On Thursday 26 April 2012 16:41:06 Sylvain Raybaud wrote:
> wild guessing here: in TranslationTask::Run, I see there are many
> alternatives for processing the sentence, like doLatticeMBR etc, not
> just runing Manager::ProcessSentence()
> Maybe one of these alternatives must be run for processing confusion
> networks?
> 
> cheers
> 
> Sylvain
> 
> On 26/04/12 15:53, Sylvain Raybaud wrote:
> > Hi Barrow
> >
> >   Thanks for the tip, that sounds likely indeed. I'll try it again but
> > last time I ran the software through valgrind, I got so many errors in
> > external libs that I just gave up.
> >
> > In the meantime, here is the complete fonction that handles the
> > decoding, in case someone sees something obviously wrong in here...
> >
> > static void moses_translate_phonemes(manager_data_t * pool,
> > translation_pair_t * pair) {
> >     debug("starting");
> >
> >     const TranslationSystem& system =
> > StaticData::Instance().GetTranslationSystem(TranslationSystem::DEFAULT);
> > /* there is only one translation system for now */
> >     const StaticData &staticData = StaticData::Instance();
> >     const vector<FactorType> &inputFactorOrder =
> > staticData.GetInputFactorOrder();
> >
> >     MyConfusionNet * cn =
> > phonemes_to_cn(pool->mp_engine->phonemes_cm,pair->source->phonemes,pool->
> >mp_config->cn_width,pool->mp_config->cn_thresh,inputFactorOrder);
> >
> >     Manager * manager = new Manager(*cn,staticData.GetSearchAlgorithm(),
> > &system);
> >     manager->ProcessSentence();
> >     const Hypothesis* hypo = manager->GetBestHypothesis();
> >
> >     string hyp = moses_get_hyp(hypo);
> >     char * hyp_ret = (char*)malloc((strlen(hyp.c_str())+1)*sizeof(char));
> >     strcpy(hyp_ret,hyp.c_str());
> >
> >     pair->translation_score = UntransformScore(hypo->GetScore());
> >     translation_pair_set_target(pair, hyp_ret,NULL);
> >
> >     delete manager;
> >     delete cn;
> >
> > }
> >
> > cheers,
> >
> > Sylvain
> >
> > On 26/04/12 13:49, Barry Haddow wrote:
> >> Hi Sylvain
> >>
> >> I'm not familiar with this part of the code, but the strange score
> >> suggests that there's some uninitialised memory. You could try running
> >> through valgrind and it might give some clues,
> >>
> >> cheers - Barry
> >>
> >> On Thursday 26 Apr 2012 12:24:11 Sylvain Raybaud wrote:
> >>> Hi all
> >>>
> >>>   I'm using Moses API for decoding a confusion network. The CN is
> >>> created from the output of an ASR engine and a confusion matrix. More
> >>> precisely (even though it's probably irrelevant to my problem), the ASR
> >>> engine provides a string of phonemes (1-best) and the confusion matrix
> >>> provides alternatives for each phonemes (the idea was described in
> >>> Jiang et al., _Phonetic representation based speech translation_, MT
> >>> Summit XIII, 2011).
> >>>
> >>> When the CN is dumped into a file and I use
> >>> moses -f moses.phonemes.cn.ini < CN
> >>> to decode it, everything is fine.
> >>>
> >>> But when I use Moses API (loading the same configuration file), I get
> >>> incomplete translations, like:
> >>>
> >>> ASR output (French): "nous font sont toujours chimistes plume
> >>> rassembleront ch je trouve que le office de ce tout de suite"

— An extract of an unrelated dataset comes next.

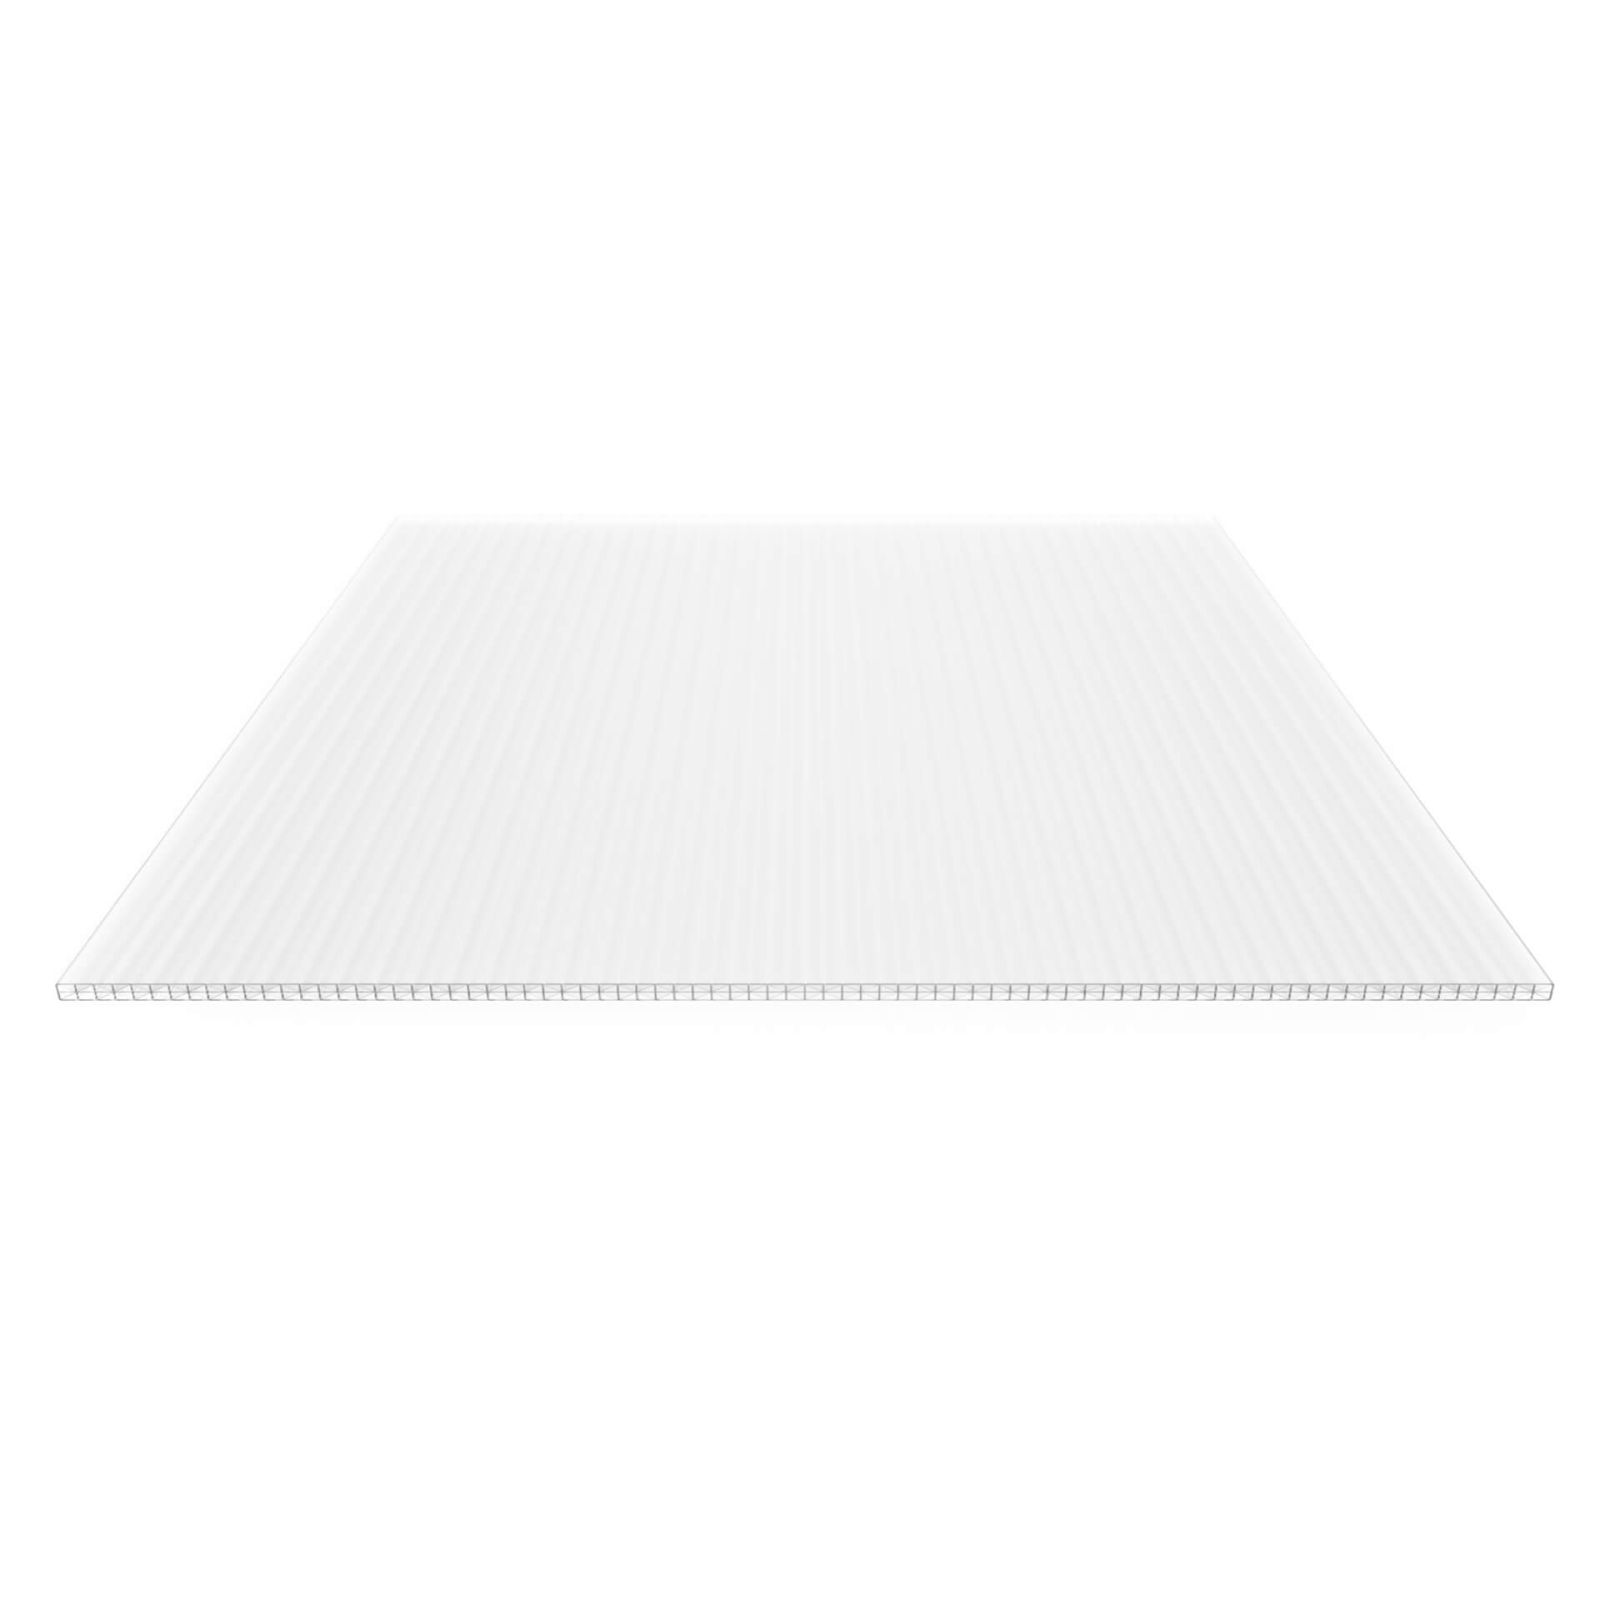 Polycarbonat Stegplatte | 16 mm | Profil Mendiger | Sparpaket | Plattenbreite 1200 mm | Opal Weiß | Extra stark | Breite 3,75 m | Länge 2,00 m #4

> >>> Phonetic representation: "n u f on s on t t u ge u r ch i m i s t z p l
> >>> y m r a s an b l swa r on ch ge swa t r u v k swa l swa oh f i s swa d
> >>> swa s swa t u d s h i t"
> >>> Translation: "of"
> >>> score: 903011968.000000
> >>>
> >>> Note that the transcription is poor (I haven't really tuned the ASR
> >>> engine), but still, the translation ought to be more than just "of".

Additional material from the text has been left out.